Методология должна определять общие и основные категории языка, такие, как природа и сущность языка, его функции, связь языка с мышлением и историей народа, характер закономерностей развития языка (применение общего понятия закономерности к процессам развития языка), отношение языкознания к другим наукам и т. д. Советские языковеды располагают марксистским истолкованием многих из этих основных категорий языка и тем самым имеют возможность опираться на твердые методологические основы. Дальнейшее более углубленное познание основных категорий языка требует широкого обобщения языкового материала и должно проводиться в тесном сообществе с философами.

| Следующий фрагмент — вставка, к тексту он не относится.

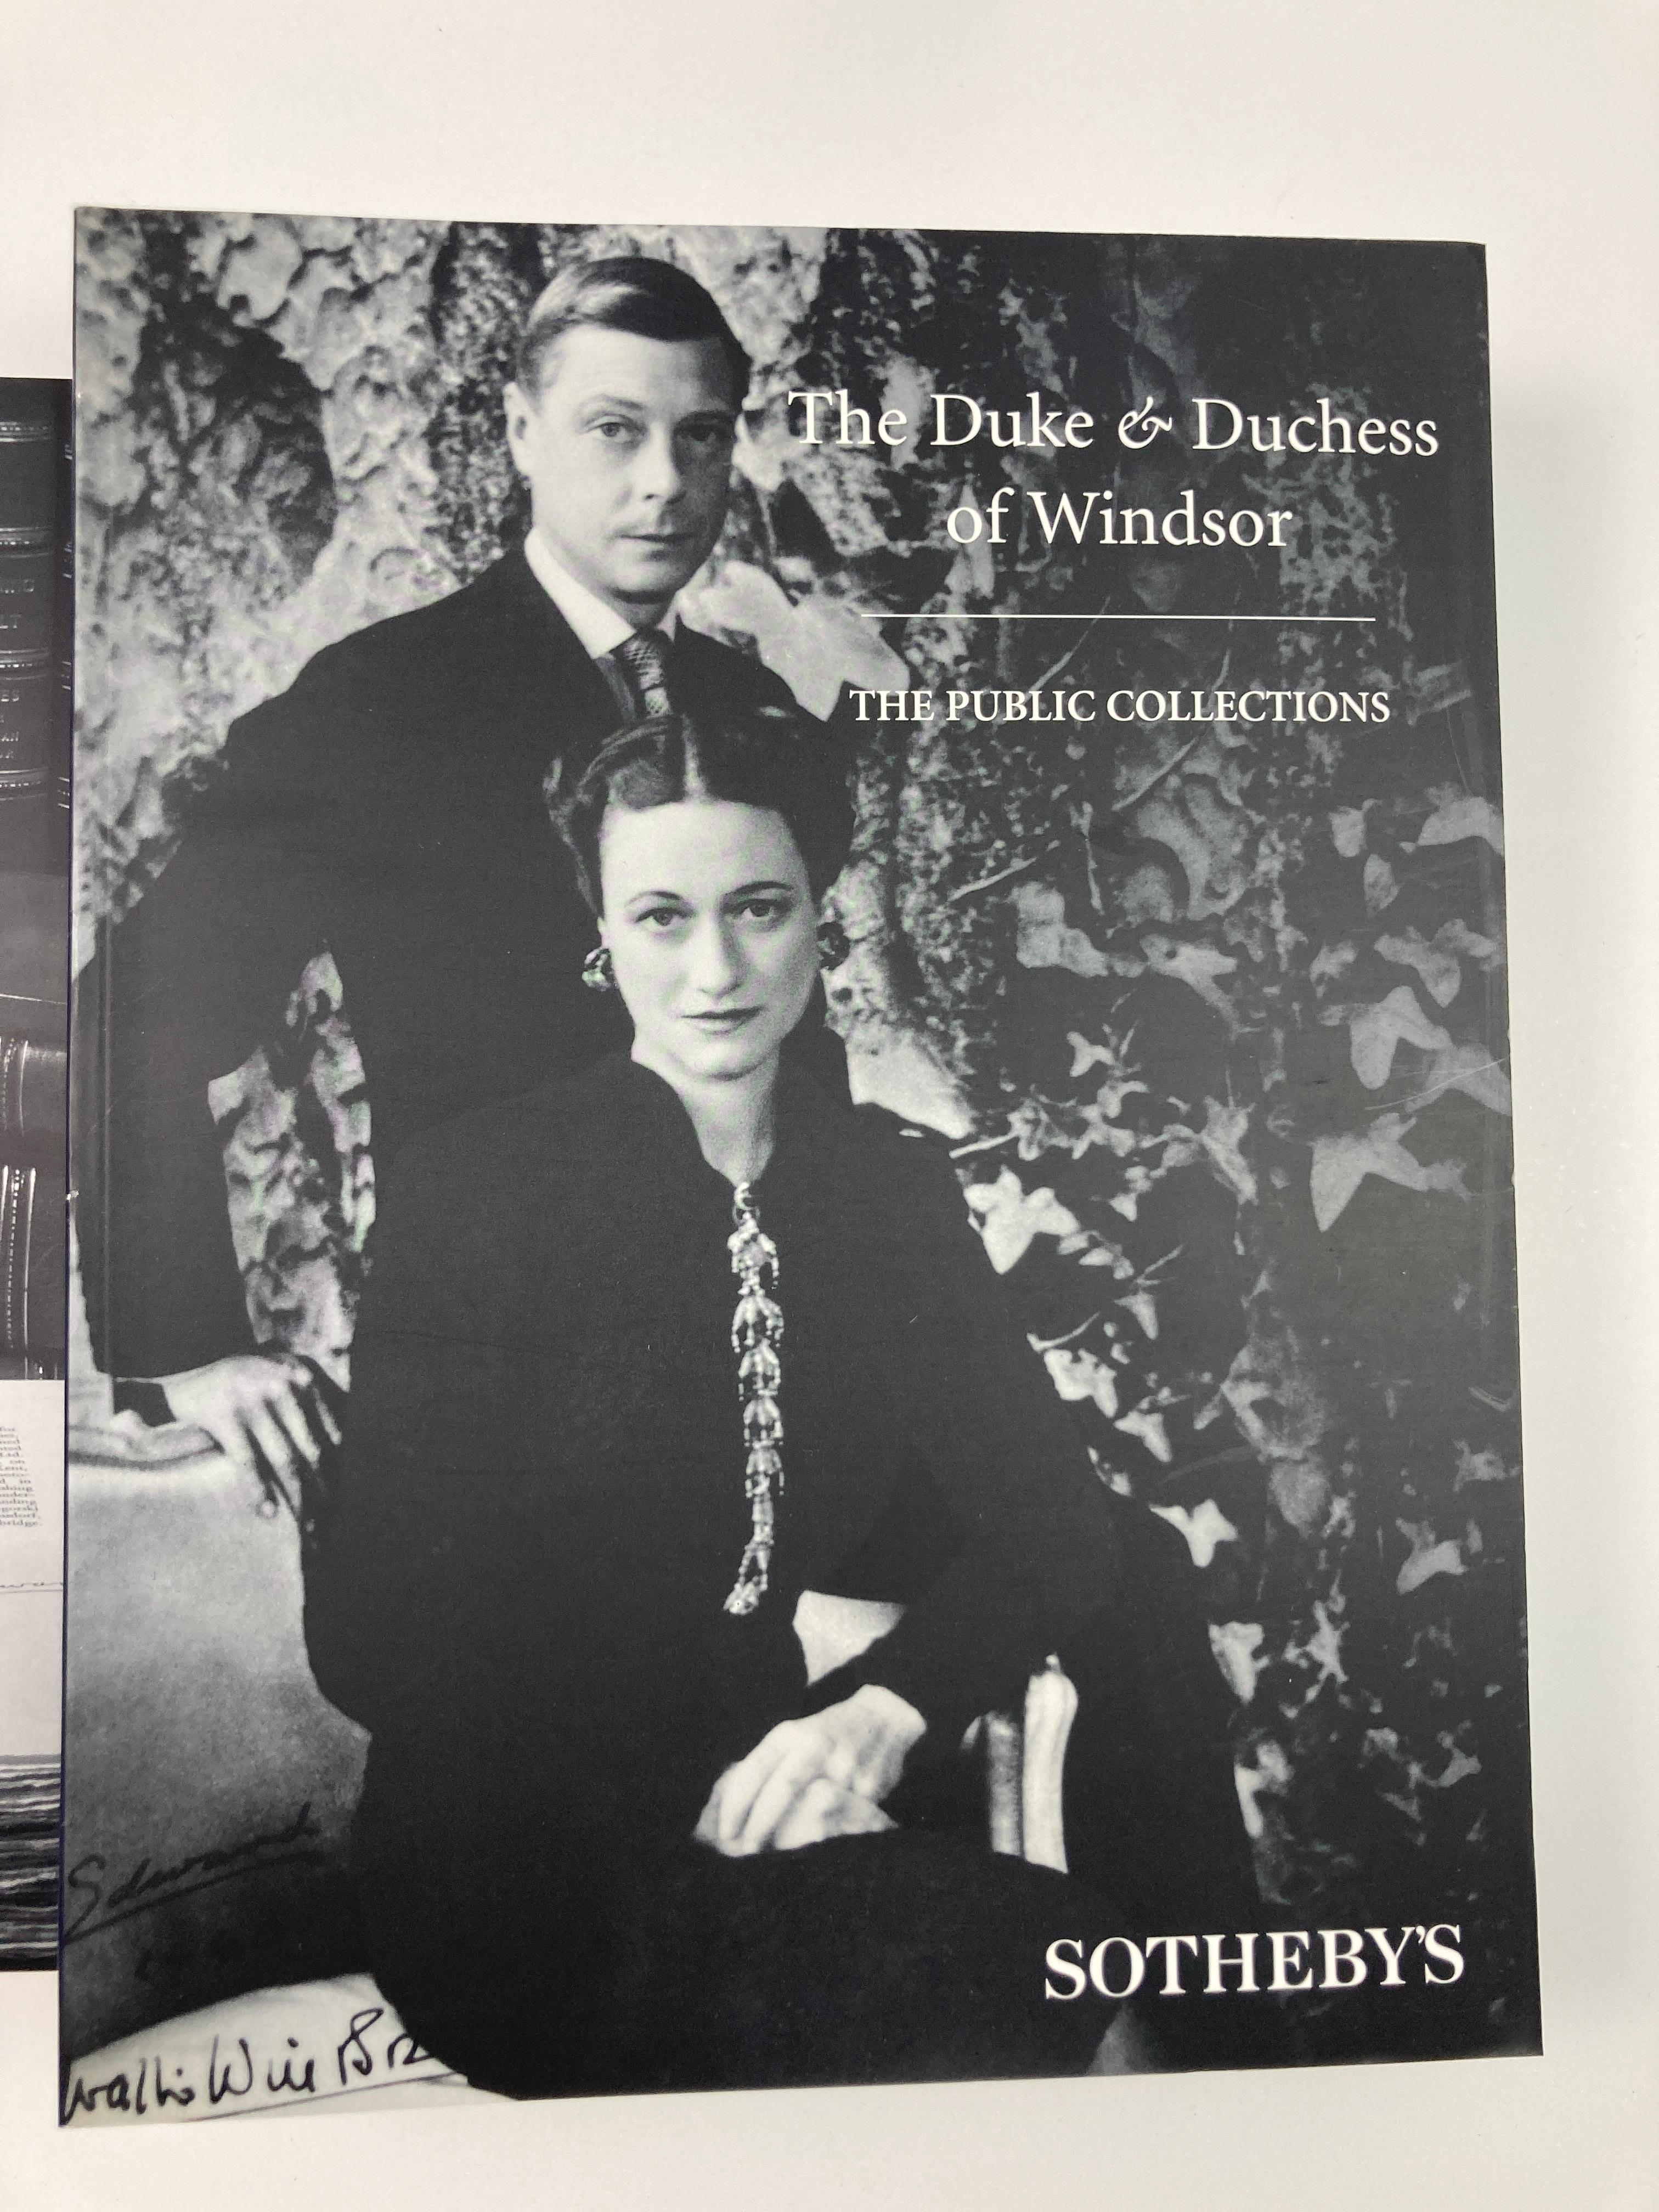 The Duke and Duchess of Windsor Auction Sothebys Books Catalogs in Slipcase Box 6

Но изучение этих общих категорий языка отнюдь не исчерпывает всей научной проблематики науки о языке. Фактически они образуют только одну дисциплину, которую в зависимости от того, в каком преимущественном аспекте проводится исследование данных проблем (философском или собственно лингвистическом), именуют или философией языка, или общим языкознанием. А за пределами этой методологической по своему характеру дисциплины и рядом с ней располагаются собственно лингвистические дисциплины – фонетика (и даже отдельно – экспериментальная, историческая, описательная и прочая фонетика), лексикология, семасиология, этимология, морфология, синтаксис, топонимика и т. д. Каждая из этих дисциплин изучает частные проблемы науки о языке и использует разные исследовательские методы. В одном случае возможно применение разных методических приемов для изучения одной и той же проблематики. Так, например, при изучении взаимоотношений языков используются и сравнительно-исторический метод, и ареальный метод неолингвистики. В исторической фонетике несомненно оправдало себя комбинированное использование сравнительно-исторического и структурального метода и т. д. В другом случае сам характер проблемы исключает возможность использования различных методов и вносит в эти отношения определенные ограничения. Так, сравнительно-исторический метод фактически не получил применения в изучении синтаксиса, лексикологии и семасиологии. Видимо, невозможно использование структурального метода в топонимике или ономасиологии.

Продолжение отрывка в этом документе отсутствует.